Lloyd Pye was the subject of the cover story in the November 1999 FATE: "Raising the Starchild" by Billy Cox.
It has been two years since I was first shown what has come to be known as “The Starchild Skull” in February 1999. I regret to say we still do not have a final determination of its origins. Initially, I felt this process would require a few months, because I expected the resistance to it that I found within the scientific establishment. What I did not expect, however, was the pervasive disinterest I encountered among influential members of the alternative knowledge community. This could be due to ineptitude on my part. I am not trying to assign blame, just trying to explain what has led to the current situation.
I led the Starchild effort during 1999, then turned it over to two Canadian researchers, Dr. Ted Robinson and Chad Deetken. Because Dr. Robinson is a cranio-facial plastic surgeon, we hoped his credentials would open doors in Canada that were closed to me in the U.S. This has not been the case. Ted and Chad have had as much difficulty as I did convincing establishment scientists to seriously consider the Starchild as something other than a highly unusual but totally human deformity.

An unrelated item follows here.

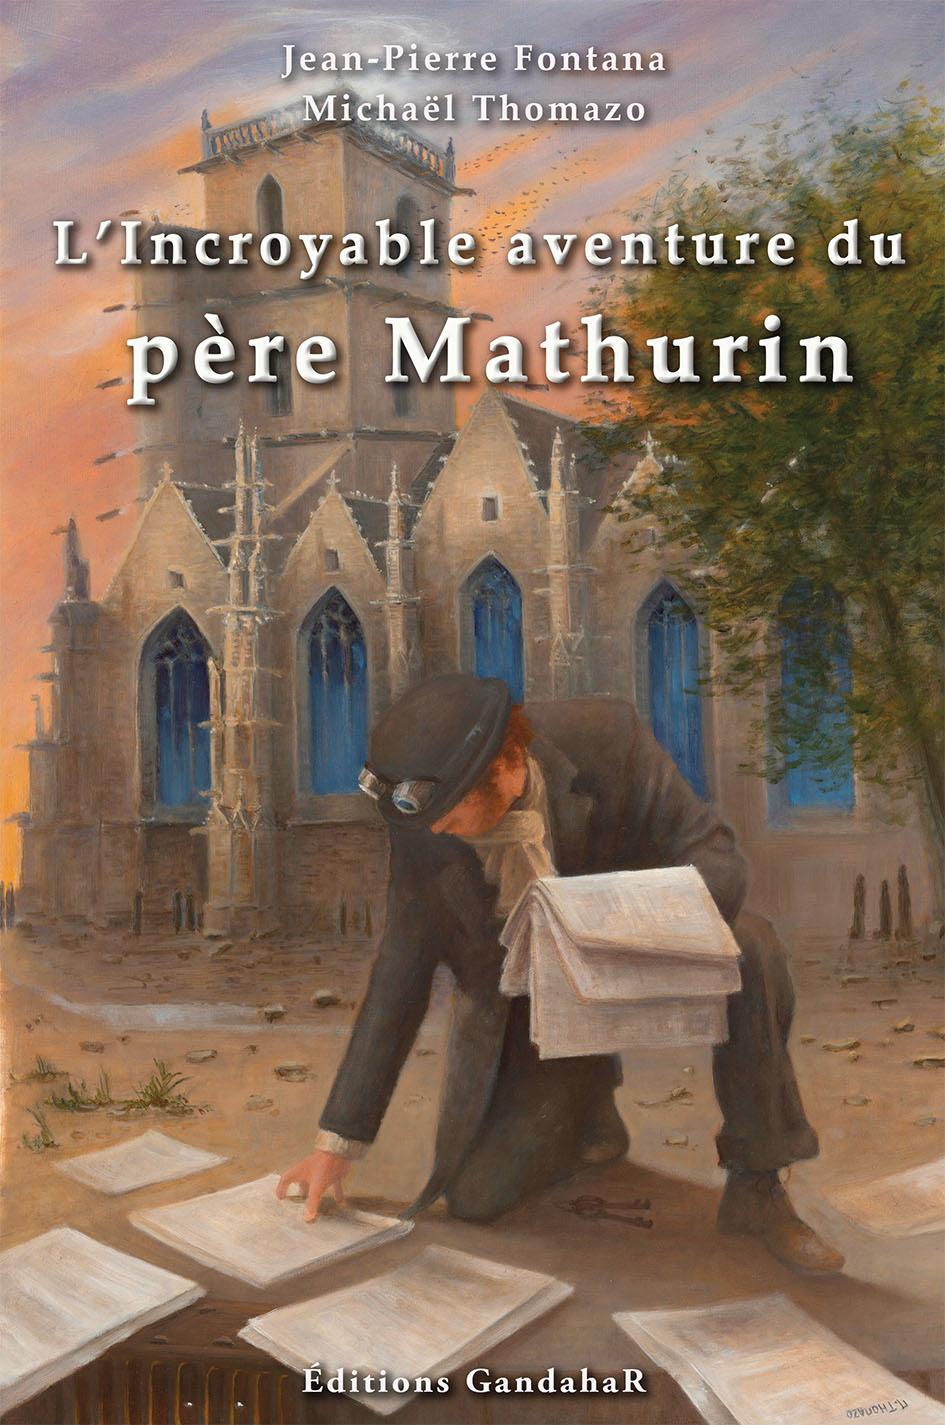 L'Incroyable aventure du père Mathurin

Despite our combined failure to secure a definitive answer to what the Starchild is, we have made significant progress. Carbon 14 testing indicates it died about 900 years ago. We have not been able to reliably establish its age at death. We assume it was a child of about six, based on three secondary teeth found in a detached piece of its upper jaw (maxilla). A CAT scan has proved its cranial sutures were perfectly normal, which rules out any suture-related deformities. The same CAT scan showed its inner ears are noticeably larger than normal. It has no frontal sinuses, not even vestigial ones, which is highly unusual for a six-year-old human. Its chewing muscles were one third the size of normal, meaning its lower jaw (mandible), which is missing, would be greatly reduced from normal. The piece of upper jaw we have does indicate that a small maxillary sinus was present.

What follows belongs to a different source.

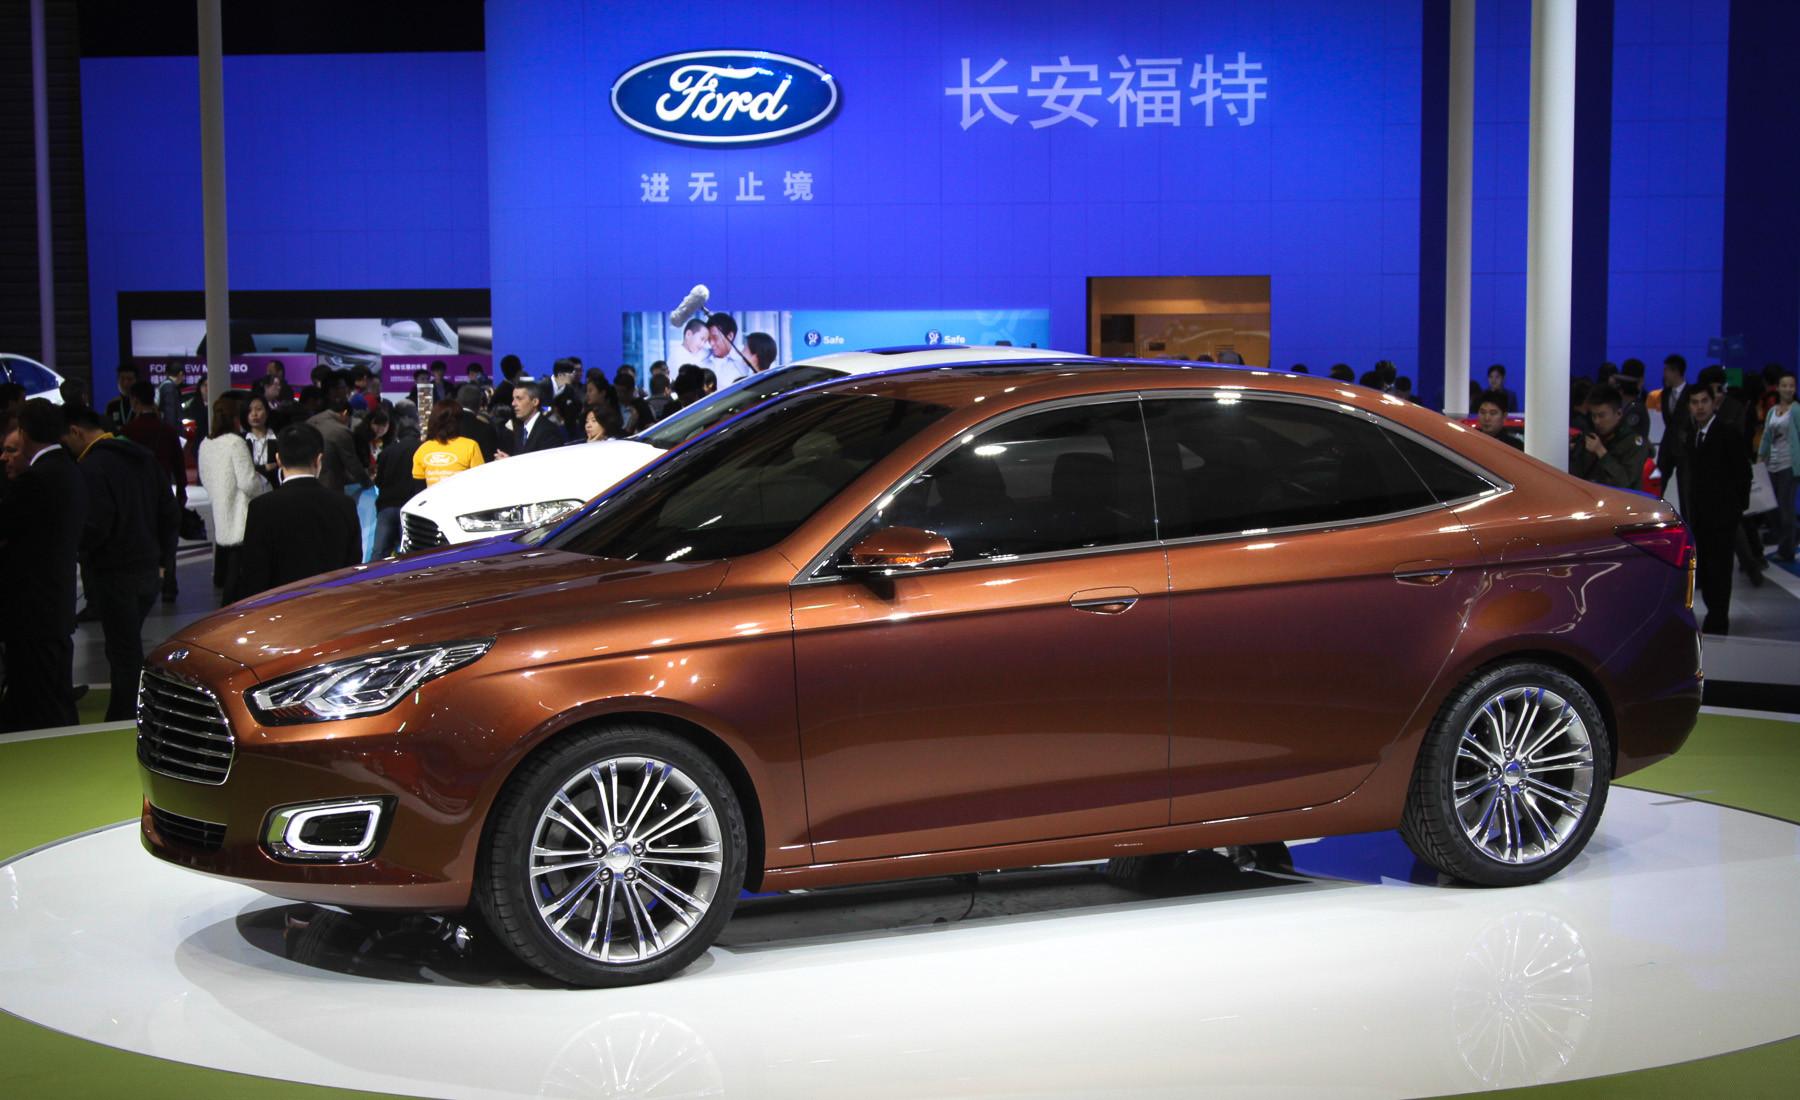 Недорогой седан Ford хотят привезти в Россию

The rear of the head and neck are astonishingly realigned and reshaped, as is the inner surface of the totally flattened occipital bone (the triangular covering of the rear of the head). There is no inion (the bump at the lower rear of normal skulls). Instead, that area is noticeably concave.
Rather than attaching to the inion, where they belong, the neck muscles attach a full inch lower-only one centimeter from the foramen magnum, where the spine enters the skull. This means its neck, like its chewing muscles, was about one third the size of normal. It was centered directly under the mass of the head rather than an inch or so to the rear, as is normal. Inside the occipital bone, the pronounced ridges that support a human’s cerebellum are greatly reduced. Not wholly eliminated, but reduced enough to make brain experts wonder what kind of cerebellum it might have had.

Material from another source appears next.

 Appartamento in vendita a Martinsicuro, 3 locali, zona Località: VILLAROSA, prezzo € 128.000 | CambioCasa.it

The brain itself was a marvel. The Starchild skull is the size of that of a normal 12-year-old. A 12-year-old’s brain is in the range of 1,200 cubic centimeters. A normal adult brain is 1,400 cubic centimeters. The Starchild skull holds 1,600 cubic centimeters, meaning it held wall-to-wall brain.
How did so much more brain get crammed into a skull the size of a typical 12-year-old’s? Several factors make this possible: First, the great expansion of the parietal bones, the two swellings with the dip in the middle at the top rear of the crown. Second, no frontal sinuses to take up extra space. Third, the eye sockets. If those incredibly shallow, fantastically symmetrical sockets could support human-like eyeballs, those eyes would have been centered in the middle of the nose (where our cheeks are) rather than at the top of the nose, as is normal.
What could cause so much brain to be required? One suggestion is that with such a thin neck, perhaps speaking as we know it would have been impossible. In its place, perhaps, was a form of telepathy-which might well require greatly increased cerebral firepower.
Perhaps the most compelling test result to date is the Starchild’s high degree of variance from normal human bone density. Its bone density is only 40 percent of normal. Let us consider a “normal” human deformity (if you’ll pardon the oxymoron). In such a case we could fully expect that whatever bone remained to be analyzed-however bizarrely misshapen it might be-would be fundamentally human. That stands to reason. Yet the Starchild skull is uniformly only 40 percent of normal density, which is so far outside the range of acceptable variance as to be something else entirely. But what else could it be?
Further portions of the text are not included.